> _Task brief_
For this task, copy all of the data below exactly and skip the pictures.

> _Supplied information_
────────

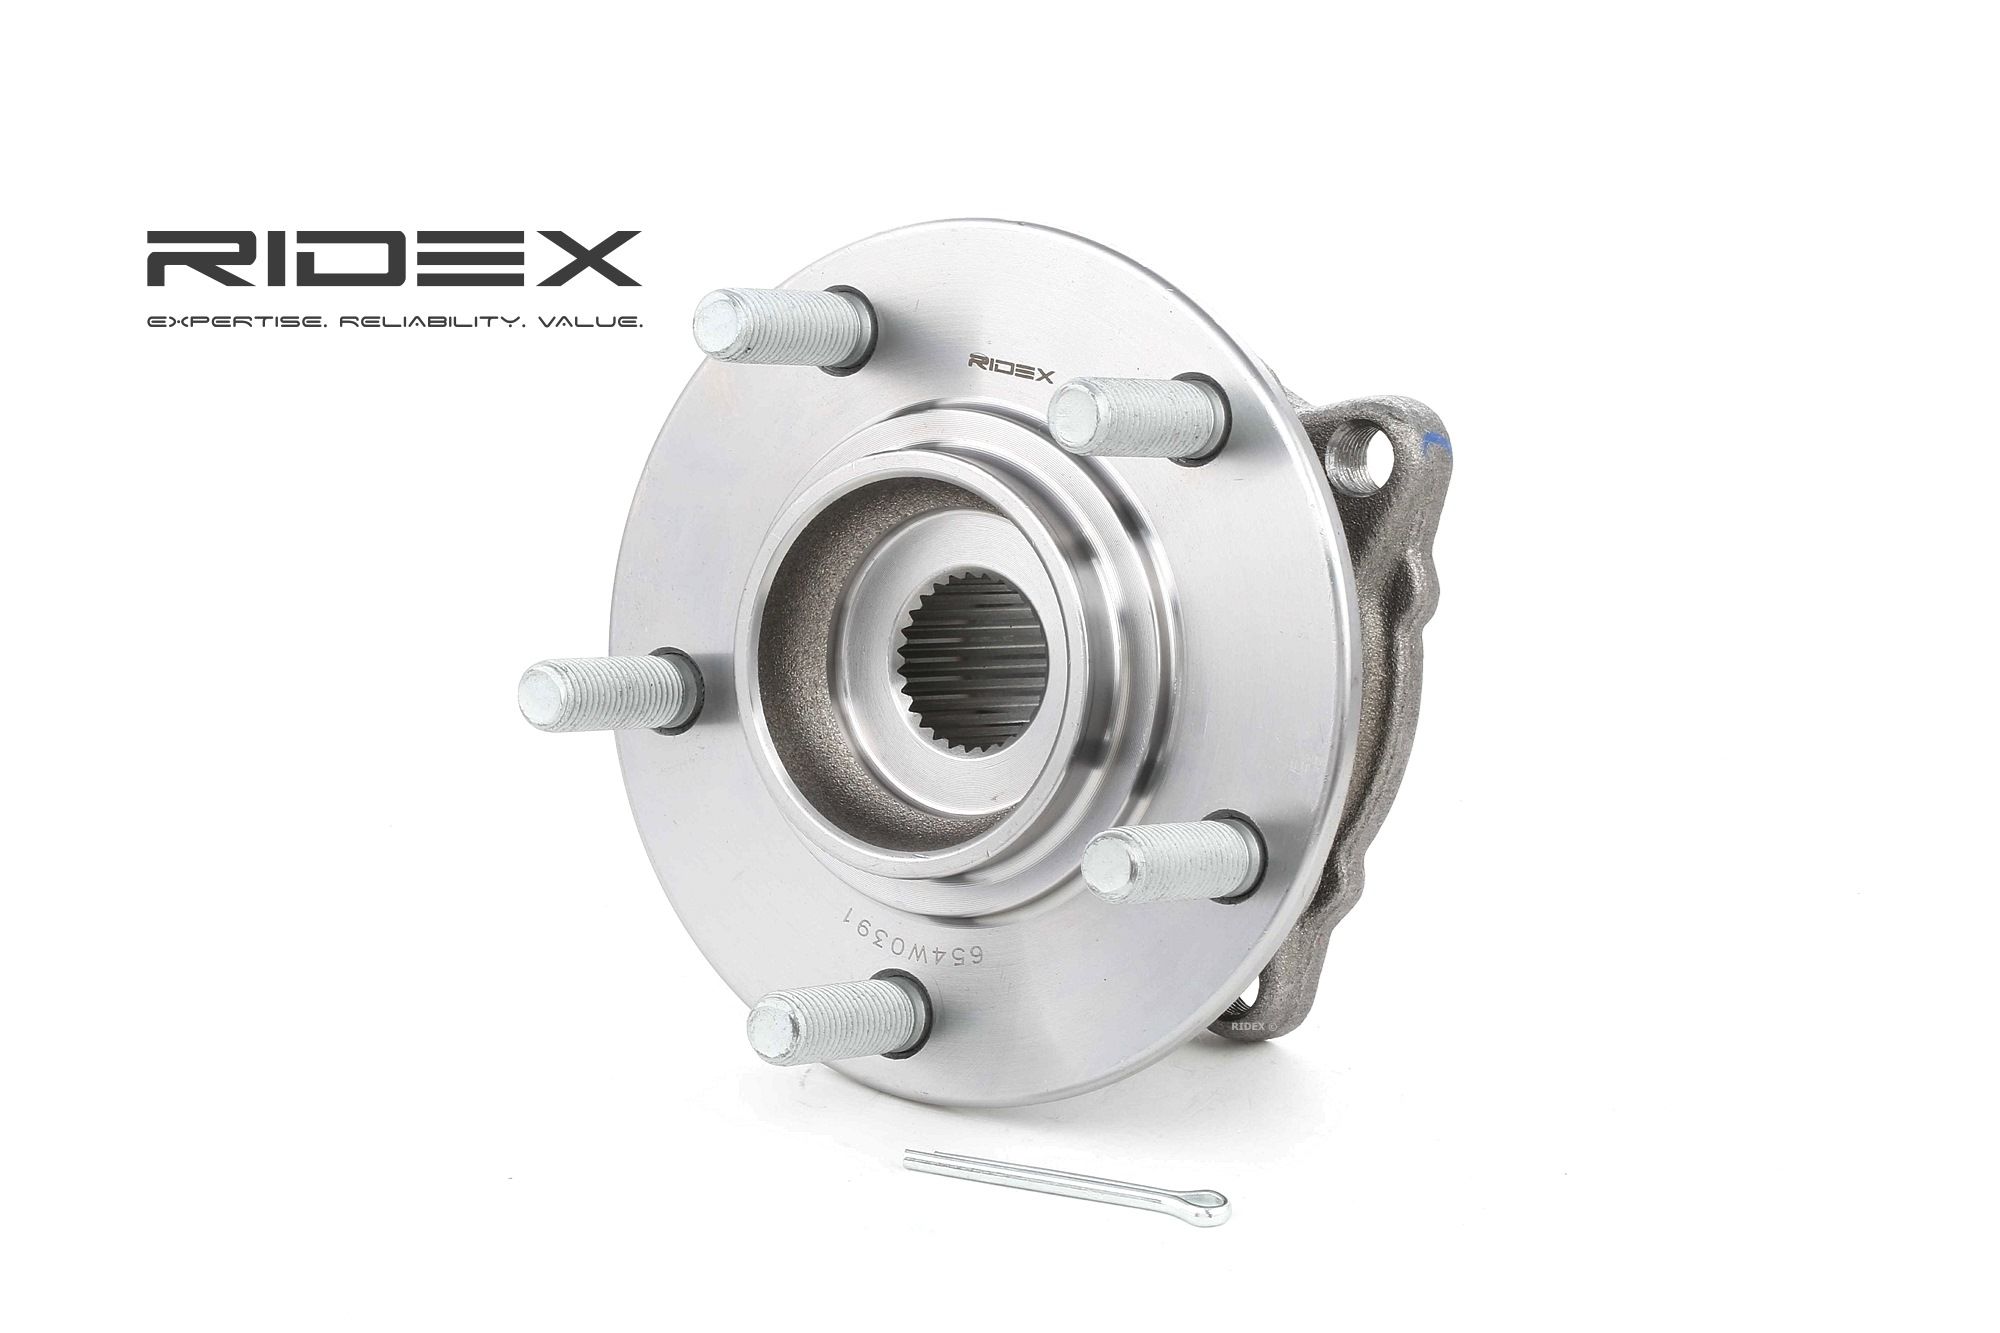 RIDEX 654W0391 Wheel bearing kit Rear Axle both sides, with integrated magnetic sensor ring, 141 mm
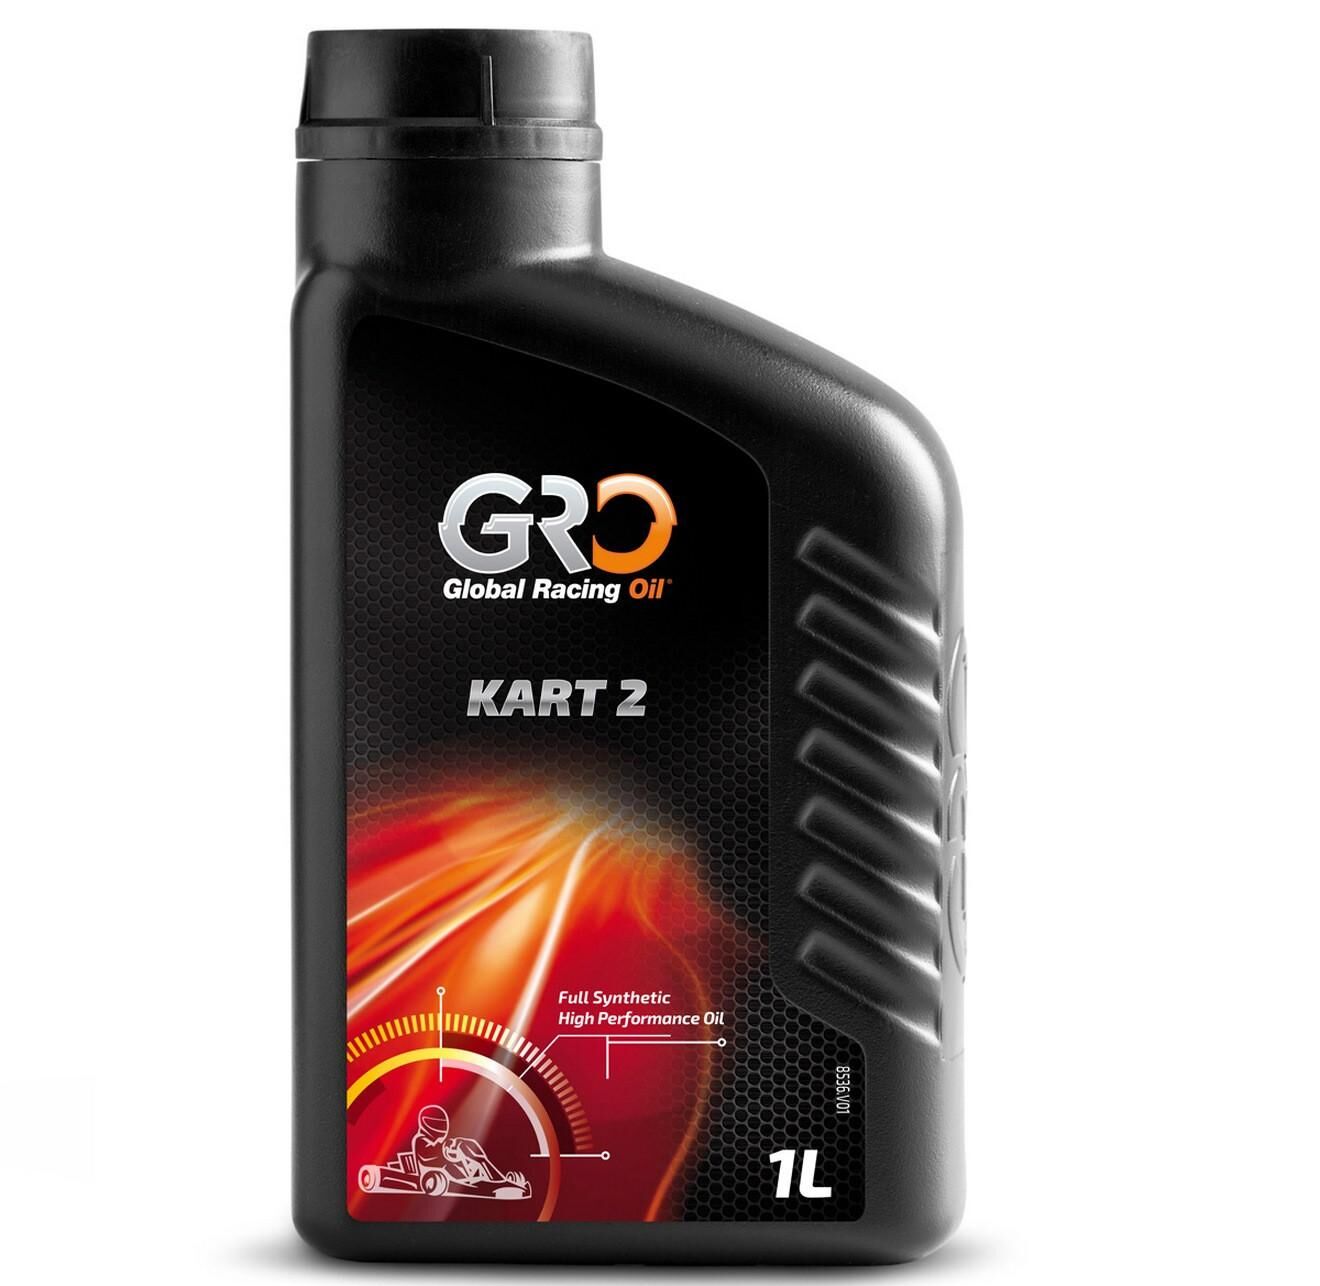 Global Racing Oil Huile marque global racing oil 2 temps kart-2 100% synthèse 1l
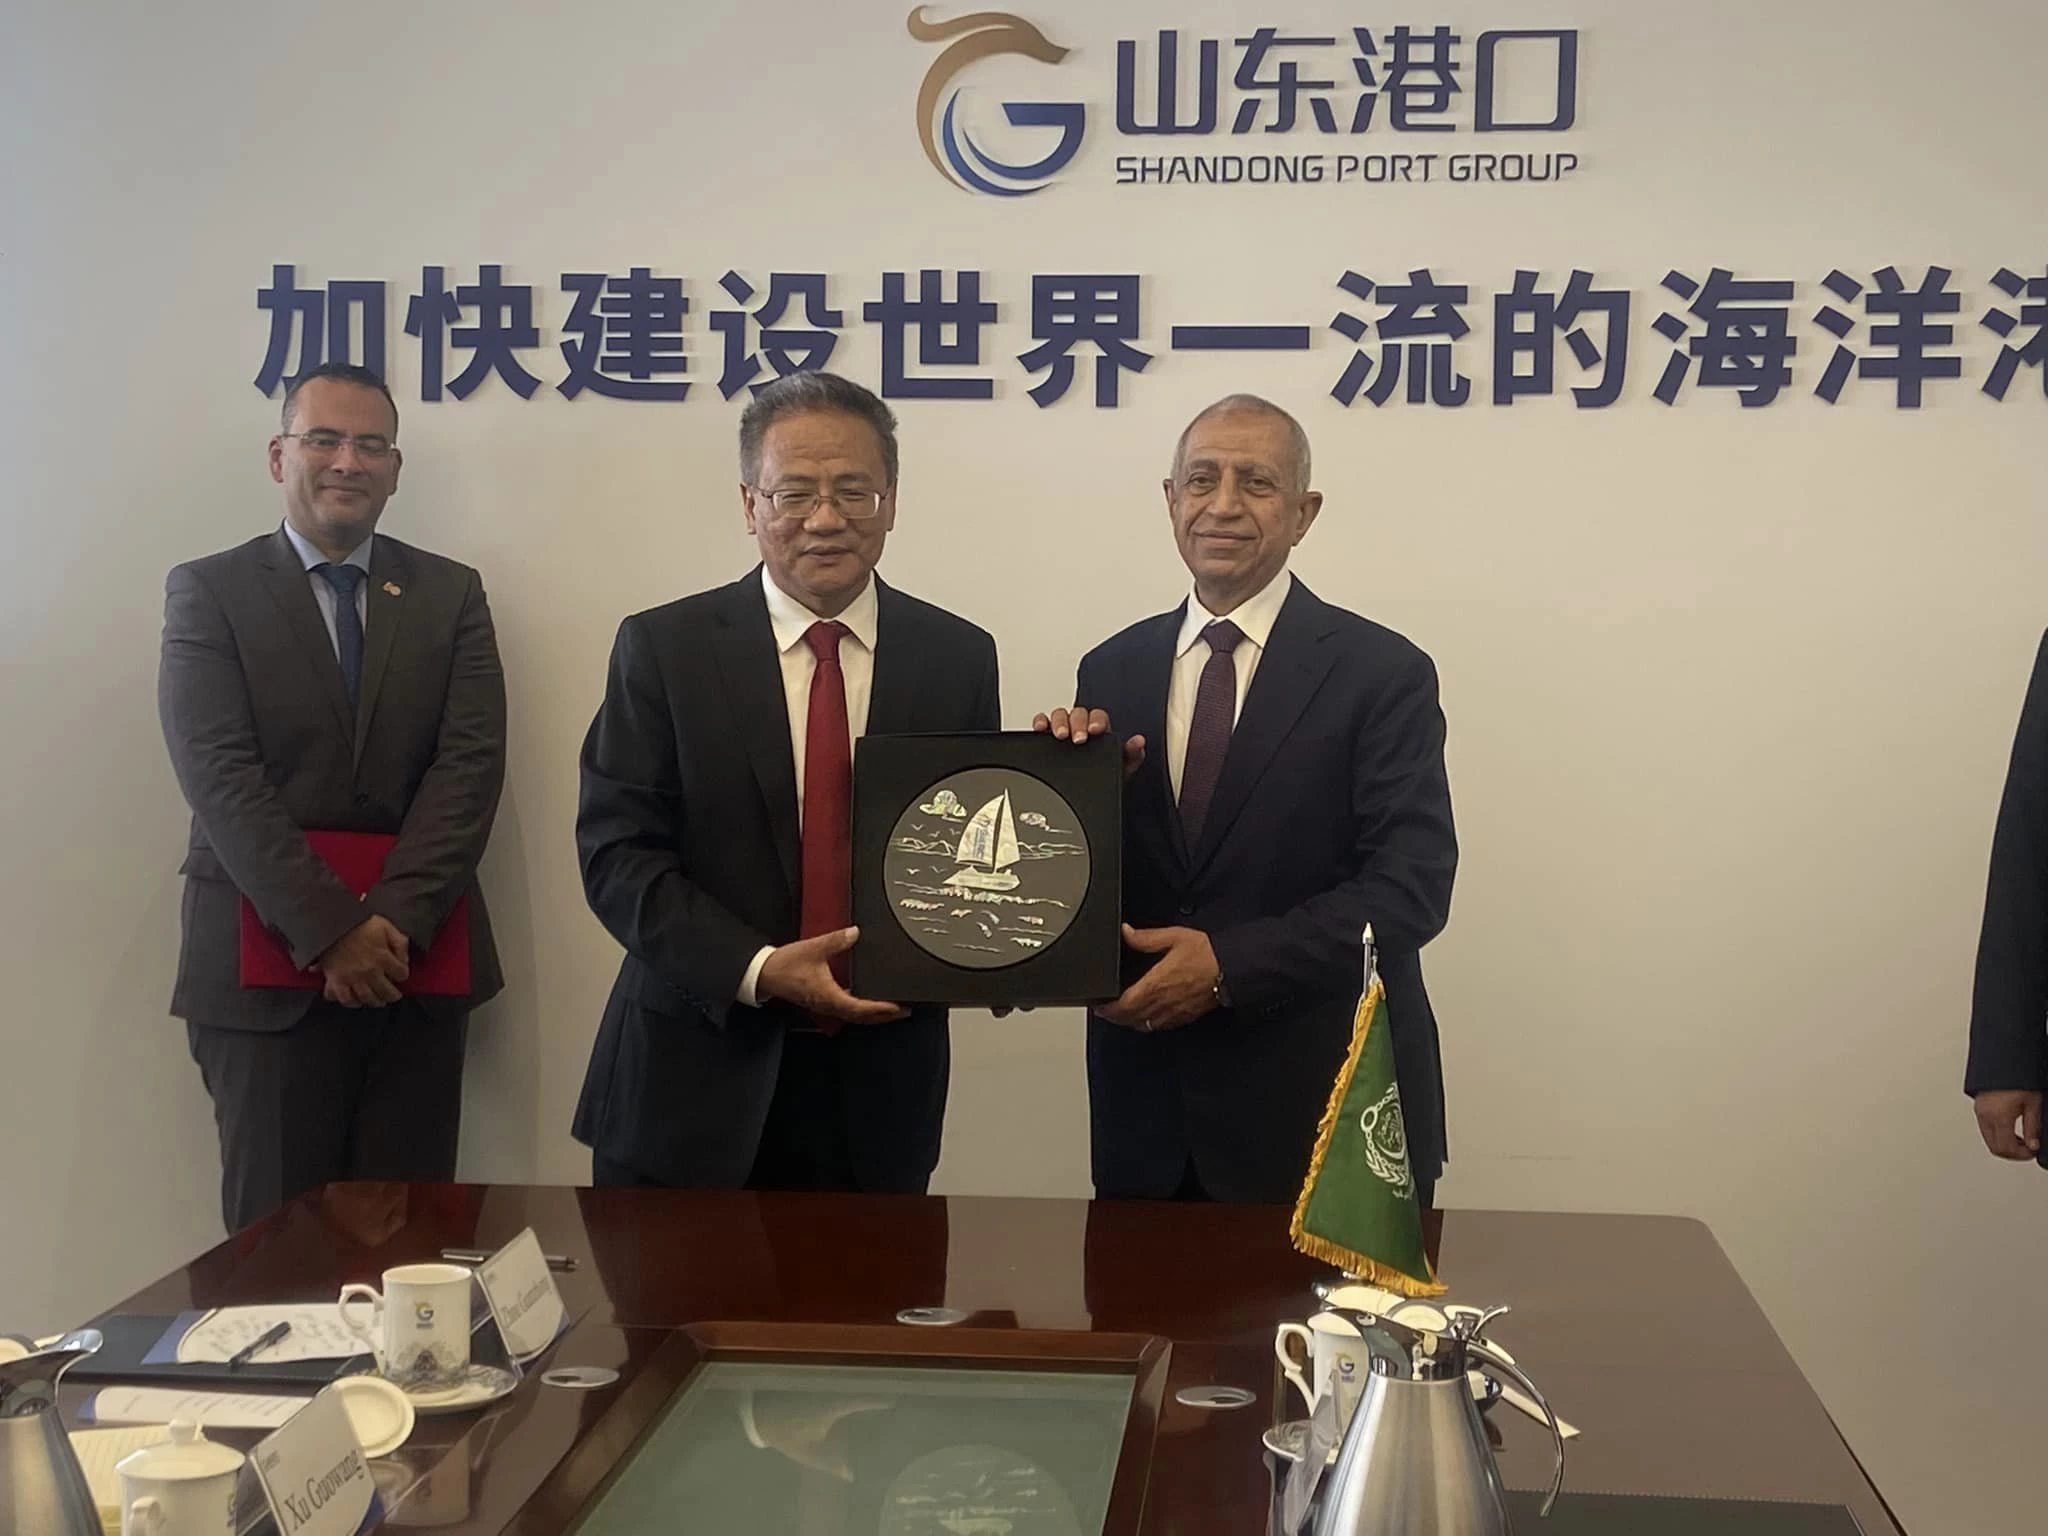 Signing of a Joint Cooperation Agreement to Implement the First Technical Diploma in Port Logistics, Maintenance, and Operation of Port Equipment, in Collaboration Between Port Training Institute and Qingdao Harbour Vocational & Technical College.3

────────

> _Result of the exercise_
 RIDEX 654W0391 Wheel bearing kit Rear Axle both sides, with integrated magnetic sensor ring, 141 mm
 Global Racing Oil Huile marque global racing oil 2 temps kart-2 100% synthèse 1l
 Signing of a Joint Cooperation Agreement to Implement the First Technical Diploma in Port Logistics, Maintenance, and Operation of Port Equipment, in Collaboration Between Port Training Institute and Qingdao Harbour Vocational & Technical College.3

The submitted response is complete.